● Action item
Exact repetition is the task: copy every entry below.

● Dataset excerpts
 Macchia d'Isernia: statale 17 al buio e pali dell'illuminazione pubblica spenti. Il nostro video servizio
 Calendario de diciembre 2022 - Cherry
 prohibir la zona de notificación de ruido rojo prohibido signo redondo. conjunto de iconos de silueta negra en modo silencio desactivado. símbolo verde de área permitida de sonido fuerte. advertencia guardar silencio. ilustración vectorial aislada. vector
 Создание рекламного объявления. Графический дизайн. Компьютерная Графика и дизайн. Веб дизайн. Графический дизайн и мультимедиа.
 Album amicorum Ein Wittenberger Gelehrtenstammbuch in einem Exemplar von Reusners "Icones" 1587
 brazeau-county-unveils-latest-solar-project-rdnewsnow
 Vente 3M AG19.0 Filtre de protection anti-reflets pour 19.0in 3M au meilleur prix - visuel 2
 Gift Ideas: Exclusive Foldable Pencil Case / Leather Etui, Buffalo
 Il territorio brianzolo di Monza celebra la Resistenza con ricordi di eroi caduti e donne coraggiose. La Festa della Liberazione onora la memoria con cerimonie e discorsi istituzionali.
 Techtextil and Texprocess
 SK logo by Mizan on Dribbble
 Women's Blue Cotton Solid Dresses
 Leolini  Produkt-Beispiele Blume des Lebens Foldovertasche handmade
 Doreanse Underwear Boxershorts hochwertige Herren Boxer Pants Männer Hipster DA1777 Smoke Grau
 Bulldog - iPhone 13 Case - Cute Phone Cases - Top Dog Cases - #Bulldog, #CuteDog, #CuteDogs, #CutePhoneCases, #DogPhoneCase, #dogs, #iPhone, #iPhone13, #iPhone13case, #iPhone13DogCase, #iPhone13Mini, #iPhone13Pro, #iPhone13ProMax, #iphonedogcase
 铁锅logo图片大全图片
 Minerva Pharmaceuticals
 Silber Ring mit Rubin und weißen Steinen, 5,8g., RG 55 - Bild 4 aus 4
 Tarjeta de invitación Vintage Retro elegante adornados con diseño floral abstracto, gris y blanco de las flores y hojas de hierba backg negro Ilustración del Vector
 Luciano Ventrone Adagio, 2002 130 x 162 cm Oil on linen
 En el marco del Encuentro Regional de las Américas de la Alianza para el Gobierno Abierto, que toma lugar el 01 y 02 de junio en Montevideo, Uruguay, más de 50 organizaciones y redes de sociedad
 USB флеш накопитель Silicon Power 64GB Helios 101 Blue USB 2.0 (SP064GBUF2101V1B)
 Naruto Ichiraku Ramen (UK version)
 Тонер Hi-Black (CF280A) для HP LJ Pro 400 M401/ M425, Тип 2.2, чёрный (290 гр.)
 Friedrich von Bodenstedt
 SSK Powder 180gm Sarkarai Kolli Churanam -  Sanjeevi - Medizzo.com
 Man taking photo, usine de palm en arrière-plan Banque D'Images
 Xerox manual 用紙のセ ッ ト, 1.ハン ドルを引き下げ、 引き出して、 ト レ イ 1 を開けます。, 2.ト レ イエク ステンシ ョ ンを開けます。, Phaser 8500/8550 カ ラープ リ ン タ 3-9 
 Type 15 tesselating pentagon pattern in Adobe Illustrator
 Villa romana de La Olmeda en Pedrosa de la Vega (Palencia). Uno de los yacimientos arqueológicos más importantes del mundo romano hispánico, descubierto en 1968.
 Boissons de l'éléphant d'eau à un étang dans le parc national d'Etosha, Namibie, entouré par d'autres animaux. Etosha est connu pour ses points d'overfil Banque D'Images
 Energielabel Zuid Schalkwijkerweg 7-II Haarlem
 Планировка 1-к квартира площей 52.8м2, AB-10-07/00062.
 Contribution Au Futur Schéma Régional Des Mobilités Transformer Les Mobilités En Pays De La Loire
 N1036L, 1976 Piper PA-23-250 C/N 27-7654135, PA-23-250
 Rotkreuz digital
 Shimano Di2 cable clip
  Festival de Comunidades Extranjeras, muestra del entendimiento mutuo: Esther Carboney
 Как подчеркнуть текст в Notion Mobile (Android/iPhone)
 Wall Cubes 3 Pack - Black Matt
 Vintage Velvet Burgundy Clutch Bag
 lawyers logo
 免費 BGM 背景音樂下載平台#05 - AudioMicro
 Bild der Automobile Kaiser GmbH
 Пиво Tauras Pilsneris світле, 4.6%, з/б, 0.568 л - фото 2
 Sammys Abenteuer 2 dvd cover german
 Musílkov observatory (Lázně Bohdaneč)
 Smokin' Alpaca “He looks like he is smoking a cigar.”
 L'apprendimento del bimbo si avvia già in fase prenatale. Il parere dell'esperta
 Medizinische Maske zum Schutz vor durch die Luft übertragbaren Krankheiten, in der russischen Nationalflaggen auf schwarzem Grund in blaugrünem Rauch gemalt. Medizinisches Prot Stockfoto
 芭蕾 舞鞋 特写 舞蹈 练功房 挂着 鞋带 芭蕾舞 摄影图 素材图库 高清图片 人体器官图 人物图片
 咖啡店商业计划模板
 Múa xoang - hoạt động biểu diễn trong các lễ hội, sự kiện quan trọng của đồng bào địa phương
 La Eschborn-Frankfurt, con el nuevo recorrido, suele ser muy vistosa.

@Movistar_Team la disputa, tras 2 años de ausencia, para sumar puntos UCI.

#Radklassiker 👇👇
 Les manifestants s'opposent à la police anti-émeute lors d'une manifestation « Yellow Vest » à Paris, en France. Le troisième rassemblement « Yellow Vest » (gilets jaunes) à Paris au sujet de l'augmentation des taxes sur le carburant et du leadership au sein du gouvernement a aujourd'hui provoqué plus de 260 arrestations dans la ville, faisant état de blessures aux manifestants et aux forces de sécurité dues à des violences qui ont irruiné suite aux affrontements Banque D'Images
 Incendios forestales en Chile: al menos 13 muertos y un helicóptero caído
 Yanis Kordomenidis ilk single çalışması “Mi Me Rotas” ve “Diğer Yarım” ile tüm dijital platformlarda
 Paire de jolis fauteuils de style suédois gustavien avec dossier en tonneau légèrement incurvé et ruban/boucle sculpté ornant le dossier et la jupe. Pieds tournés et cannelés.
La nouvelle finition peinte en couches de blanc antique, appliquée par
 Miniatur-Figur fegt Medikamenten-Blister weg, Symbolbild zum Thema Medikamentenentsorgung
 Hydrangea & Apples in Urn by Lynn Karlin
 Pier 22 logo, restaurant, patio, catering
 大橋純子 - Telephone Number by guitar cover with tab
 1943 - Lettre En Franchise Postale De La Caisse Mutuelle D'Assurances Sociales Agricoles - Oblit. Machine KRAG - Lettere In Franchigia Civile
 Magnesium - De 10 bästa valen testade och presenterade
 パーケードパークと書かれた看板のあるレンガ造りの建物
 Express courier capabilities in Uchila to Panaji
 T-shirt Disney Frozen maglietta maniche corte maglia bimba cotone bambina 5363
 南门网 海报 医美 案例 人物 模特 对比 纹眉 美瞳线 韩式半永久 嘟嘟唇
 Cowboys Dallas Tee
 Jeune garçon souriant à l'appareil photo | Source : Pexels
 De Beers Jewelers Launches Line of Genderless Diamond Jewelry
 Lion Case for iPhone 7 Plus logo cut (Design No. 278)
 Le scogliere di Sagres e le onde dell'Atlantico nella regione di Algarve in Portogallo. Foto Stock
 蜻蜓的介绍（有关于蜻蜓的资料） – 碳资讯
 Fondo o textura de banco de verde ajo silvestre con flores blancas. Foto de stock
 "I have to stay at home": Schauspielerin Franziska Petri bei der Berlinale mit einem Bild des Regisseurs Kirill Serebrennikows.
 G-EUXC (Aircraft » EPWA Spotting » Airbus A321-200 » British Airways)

● Exercise response
 Macchia d'Isernia: statale 17 al buio e pali dell'illuminazione pubblica spenti. Il nostro video servizio
 Calendario de diciembre 2022 - Cherry
 prohibir la zona de notificación de ruido rojo prohibido signo redondo. conjunto de iconos de silueta negra en modo silencio desactivado. símbolo verde de área permitida de sonido fuerte. advertencia guardar silencio. ilustración vectorial aislada. vector
 Создание рекламного объявления. Графический дизайн. Компьютерная Графика и дизайн. Веб дизайн. Графический дизайн и мультимедиа.
 Album amicorum Ein Wittenberger Gelehrtenstammbuch in einem Exemplar von Reusners "Icones" 1587
 brazeau-county-unveils-latest-solar-project-rdnewsnow
 Vente 3M AG19.0 Filtre de protection anti-reflets pour 19.0in 3M au meilleur prix - visuel 2
 Gift Ideas: Exclusive Foldable Pencil Case / Leather Etui, Buffalo
 Il territorio brianzolo di Monza celebra la Resistenza con ricordi di eroi caduti e donne coraggiose. La Festa della Liberazione onora la memoria con cerimonie e discorsi istituzionali.
 Techtextil and Texprocess
 SK logo by Mizan on Dribbble
 Women's Blue Cotton Solid Dresses
 Leolini  Produkt-Beispiele Blume des Lebens Foldovertasche handmade
 Doreanse Underwear Boxershorts hochwertige Herren Boxer Pants Männer Hipster DA1777 Smoke Grau
 Bulldog - iPhone 13 Case - Cute Phone Cases - Top Dog Cases - #Bulldog, #CuteDog, #CuteDogs, #CutePhoneCases, #DogPhoneCase, #dogs, #iPhone, #iPhone13, #iPhone13case, #iPhone13DogCase, #iPhone13Mini, #iPhone13Pro, #iPhone13ProMax, #iphonedogcase
 铁锅logo图片大全图片
 Minerva Pharmaceuticals
 Silber Ring mit Rubin und weißen Steinen, 5,8g., RG 55 - Bild 4 aus 4
 Tarjeta de invitación Vintage Retro elegante adornados con diseño floral abstracto, gris y blanco de las flores y hojas de hierba backg negro Ilustración del Vector
 Luciano Ventrone Adagio, 2002 130 x 162 cm Oil on linen
 En el marco del Encuentro Regional de las Américas de la Alianza para el Gobierno Abierto, que toma lugar el 01 y 02 de junio en Montevideo, Uruguay, más de 50 organizaciones y redes de sociedad
 USB флеш накопитель Silicon Power 64GB Helios 101 Blue USB 2.0 (SP064GBUF2101V1B)
 Naruto Ichiraku Ramen (UK version)
 Тонер Hi-Black (CF280A) для HP LJ Pro 400 M401/ M425, Тип 2.2, чёрный (290 гр.)
 Friedrich von Bodenstedt
 SSK Powder 180gm Sarkarai Kolli Churanam -  Sanjeevi - Medizzo.com
 Man taking photo, usine de palm en arrière-plan Banque D'Images
 Xerox manual 用紙のセ ッ ト, 1.ハン ドルを引き下げ、 引き出して、 ト レ イ 1 を開けます。, 2.ト レ イエク ステンシ ョ ンを開けます。, Phaser 8500/8550 カ ラープ リ ン タ 3-9 
 Type 15 tesselating pentagon pattern in Adobe Illustrator
 Villa romana de La Olmeda en Pedrosa de la Vega (Palencia). Uno de los yacimientos arqueológicos más importantes del mundo romano hispánico, descubierto en 1968.
 Boissons de l'éléphant d'eau à un étang dans le parc national d'Etosha, Namibie, entouré par d'autres animaux. Etosha est connu pour ses points d'overfil Banque D'Images
 Energielabel Zuid Schalkwijkerweg 7-II Haarlem
 Планировка 1-к квартира площей 52.8м2, AB-10-07/00062.
 Contribution Au Futur Schéma Régional Des Mobilités Transformer Les Mobilités En Pays De La Loire
 N1036L, 1976 Piper PA-23-250 C/N 27-7654135, PA-23-250
 Rotkreuz digital
 Shimano Di2 cable clip
  Festival de Comunidades Extranjeras, muestra del entendimiento mutuo: Esther Carboney
 Как подчеркнуть текст в Notion Mobile (Android/iPhone)
 Wall Cubes 3 Pack - Black Matt
 Vintage Velvet Burgundy Clutch Bag
 lawyers logo
 免費 BGM 背景音樂下載平台#05 - AudioMicro
 Bild der Automobile Kaiser GmbH
 Пиво Tauras Pilsneris світле, 4.6%, з/б, 0.568 л - фото 2
 Sammys Abenteuer 2 dvd cover german
 Musílkov observatory (Lázně Bohdaneč)
 Smokin' Alpaca “He looks like he is smoking a cigar.”
 L'apprendimento del bimbo si avvia già in fase prenatale. Il parere dell'esperta
 Medizinische Maske zum Schutz vor durch die Luft übertragbaren Krankheiten, in der russischen Nationalflaggen auf schwarzem Grund in blaugrünem Rauch gemalt. Medizinisches Prot Stockfoto
 芭蕾 舞鞋 特写 舞蹈 练功房 挂着 鞋带 芭蕾舞 摄影图 素材图库 高清图片 人体器官图 人物图片
 咖啡店商业计划模板
 Múa xoang - hoạt động biểu diễn trong các lễ hội, sự kiện quan trọng của đồng bào địa phương
 La Eschborn-Frankfurt, con el nuevo recorrido, suele ser muy vistosa.

@Movistar_Team la disputa, tras 2 años de ausencia, para sumar puntos UCI.

#Radklassiker 👇👇
 Les manifestants s'opposent à la police anti-émeute lors d'une manifestation « Yellow Vest » à Paris, en France. Le troisième rassemblement « Yellow Vest » (gilets jaunes) à Paris au sujet de l'augmentation des taxes sur le carburant et du leadership au sein du gouvernement a aujourd'hui provoqué plus de 260 arrestations dans la ville, faisant état de blessures aux manifestants et aux forces de sécurité dues à des violences qui ont irruiné suite aux affrontements Banque D'Images
 Incendios forestales en Chile: al menos 13 muertos y un helicóptero caído
 Yanis Kordomenidis ilk single çalışması “Mi Me Rotas” ve “Diğer Yarım” ile tüm dijital platformlarda
 Paire de jolis fauteuils de style suédois gustavien avec dossier en tonneau légèrement incurvé et ruban/boucle sculpté ornant le dossier et la jupe. Pieds tournés et cannelés.
La nouvelle finition peinte en couches de blanc antique, appliquée par
 Miniatur-Figur fegt Medikamenten-Blister weg, Symbolbild zum Thema Medikamentenentsorgung
 Hydrangea & Apples in Urn by Lynn Karlin
 Pier 22 logo, restaurant, patio, catering
 大橋純子 - Telephone Number by guitar cover with tab
 1943 - Lettre En Franchise Postale De La Caisse Mutuelle D'Assurances Sociales Agricoles - Oblit. Machine KRAG - Lettere In Franchigia Civile
 Magnesium - De 10 bästa valen testade och presenterade
 パーケードパークと書かれた看板のあるレンガ造りの建物
 Express courier capabilities in Uchila to Panaji
 T-shirt Disney Frozen maglietta maniche corte maglia bimba cotone bambina 5363
 南门网 海报 医美 案例 人物 模特 对比 纹眉 美瞳线 韩式半永久 嘟嘟唇
 Cowboys Dallas Tee
 Jeune garçon souriant à l'appareil photo | Source : Pexels
 De Beers Jewelers Launches Line of Genderless Diamond Jewelry
 Lion Case for iPhone 7 Plus logo cut (Design No. 278)
 Le scogliere di Sagres e le onde dell'Atlantico nella regione di Algarve in Portogallo. Foto Stock
 蜻蜓的介绍（有关于蜻蜓的资料） – 碳资讯
 Fondo o textura de banco de verde ajo silvestre con flores blancas. Foto de stock
 "I have to stay at home": Schauspielerin Franziska Petri bei der Berlinale mit einem Bild des Regisseurs Kirill Serebrennikows.
 G-EUXC (Aircraft » EPWA Spotting » Airbus A321-200 » British Airways)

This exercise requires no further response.